I have four differnet data frame by years (2015-2019), with variables: ID_patient(maybe duplicate), Treatment, date of start treatmen and date of end treatment and etc. (acctually it's 7 variables)
Also I have data frame with 190 unique IDs from all years.
So I want to add to my 190 unique IDs at data from dataframes by years 2015, 2016, 2017, 2018, 2019.

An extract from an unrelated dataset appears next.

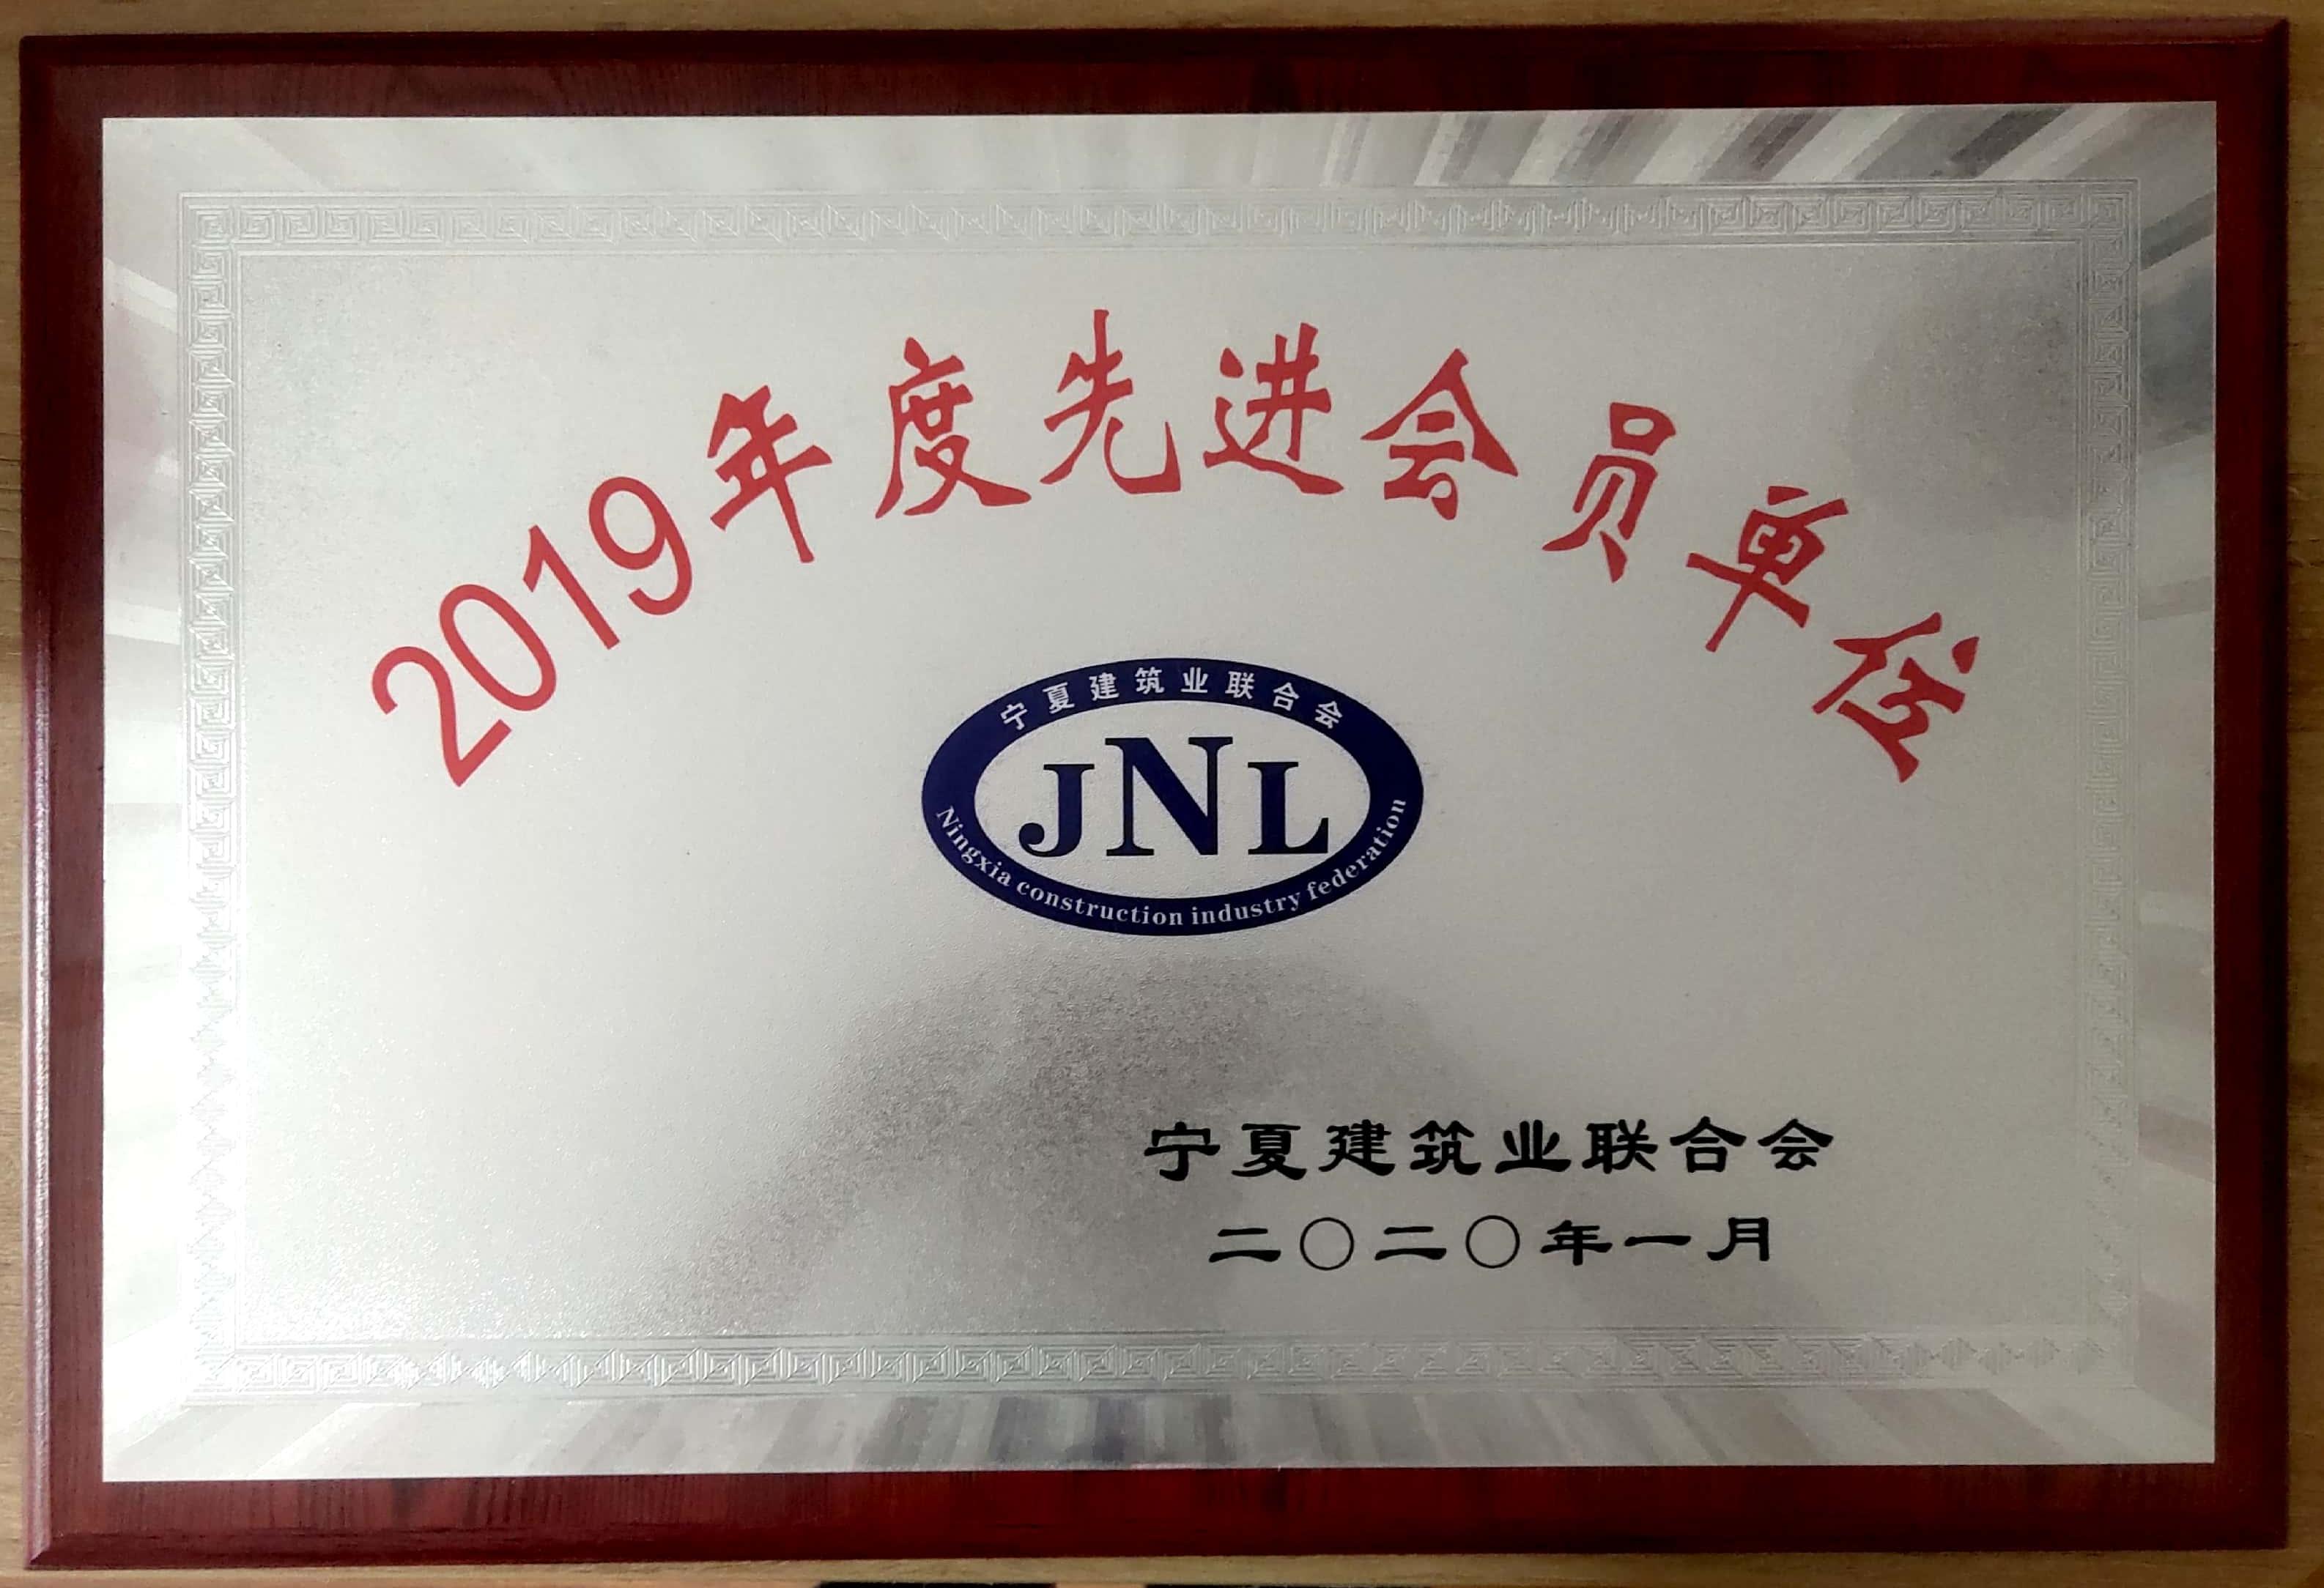 【奖项荣誉】2019年度自治区级建筑行业先进单位

For example: in 2015 I have 28 patients that recieved treatment, in 2016 - i have 148 patients. immportant to say, one patients may be duplicate in 2015 (other treatmetn but dates differents) and also its possible he recieved treatment in 2016. So I get expect 190 rows with unique IDs and columns from 2015-2019 years.

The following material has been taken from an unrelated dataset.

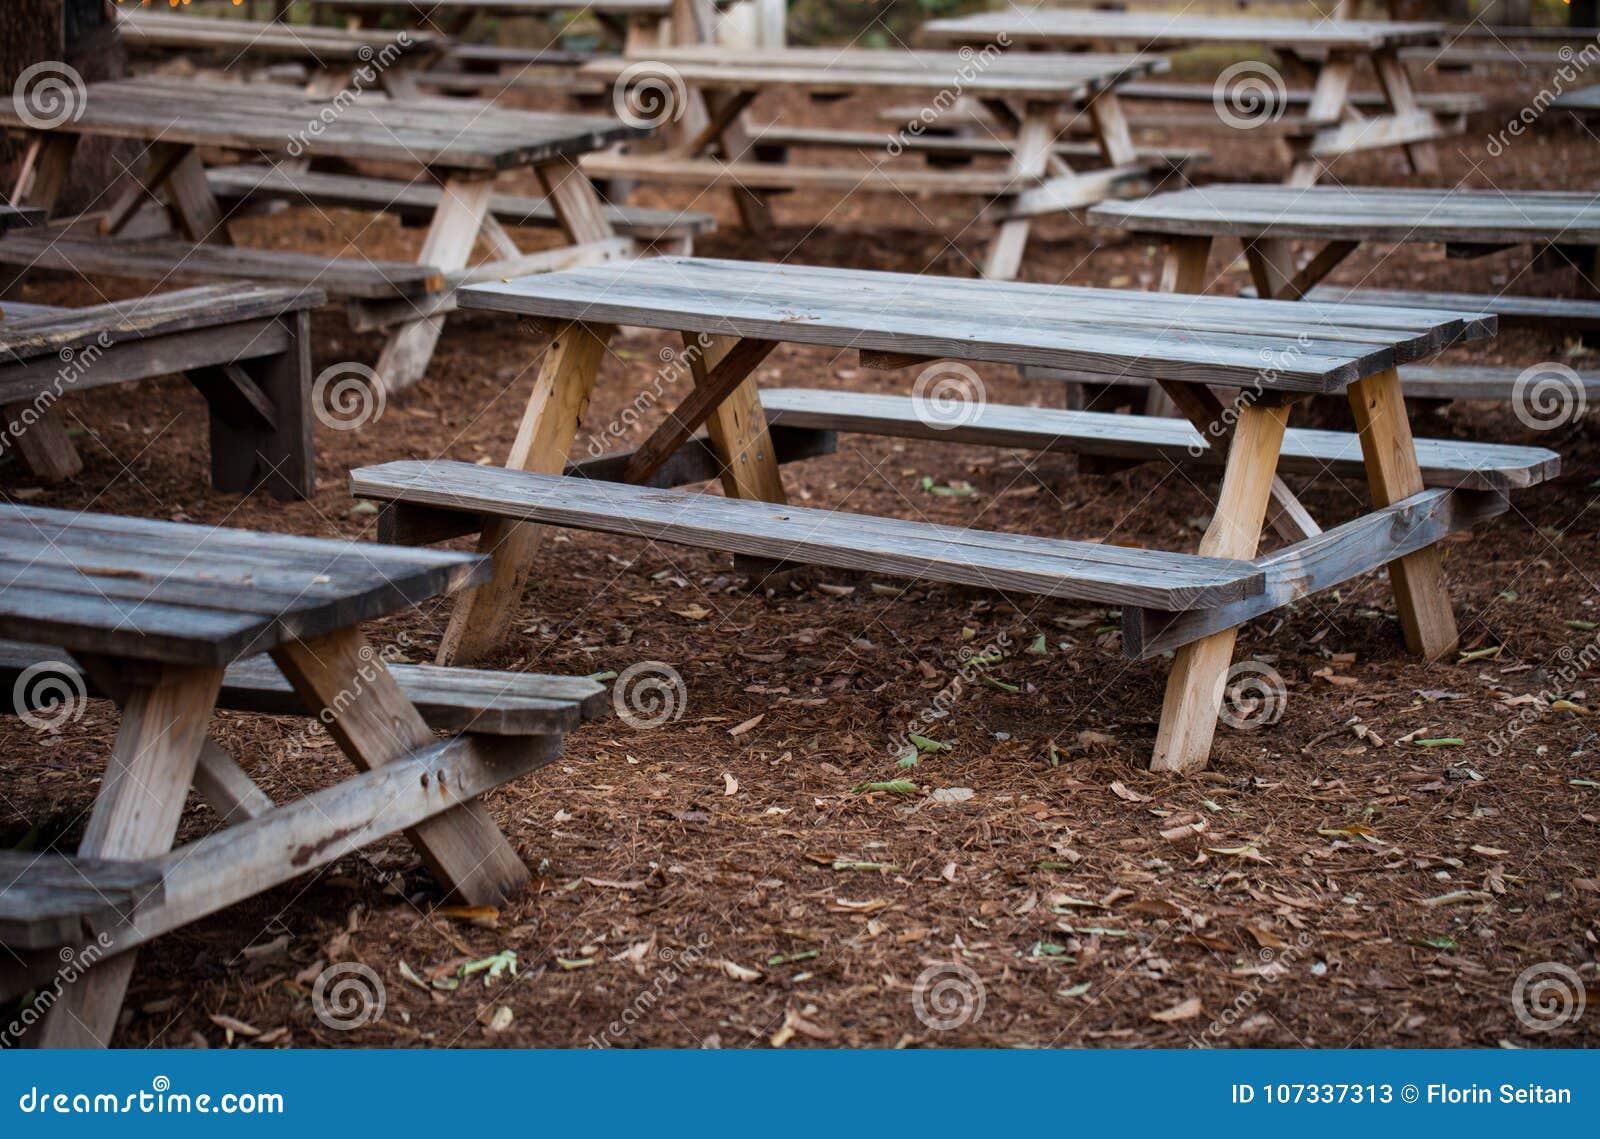 Wooden Rustic Benchesoutdoor Restaurant Patio Stock Image Image

Here example data from 2015, row 8-10 same IDs:
ID_Patient Name_code io count_xrt first_xrt
<int> <chr> <fct> <int> <date>
1 1111111 Bone Pal~ Pemb~ 12 2015-10-11
2 2222222 SRS Nivo~ 2 2015-12-08
3 3333333 Lung and~ Nivo~ 19 2015-10-01
4 4444444 Brain 3D Clin~ 5 2015-12-14
5 5555555 Lung and~ Clin~ 2 2015-10-04
6 6666666 Bone Pal~ Pemb~ 5 2015-10-01
7 7777777 Lung and~ Nivo~ 30 2015-10-25
8 88888888 Bone Pal~ Nivo~ 1 2015-10-12
9 88888888 Soft Tis~ Nivo~ 2 2015-12-16
10 88888888 Bone Pal~ Nivo~ 2 2015-12-31
# ... with 18 more rows, and 2 more variables:
# last_xrt <date>, io_start <date>
Here table with IDs:
A tibble: 190 x 1
ID_Patient
<dbl>
1 1111111
2 2222222
3 3333333
4 4444444
5 5555555
6 6666666
7 7777777
8 8888888
9 9999999
10 12345678
# ... with 180 more rows
I was not successful with function "any"_join(maybe I'm just not doing it right)
So I want add data from 2015 to table with 190 unique IDs, for all 4 differnets tables.
In general: I wan join 5 differnt tables by IDs, so finnaly for one IDs one row and many variables.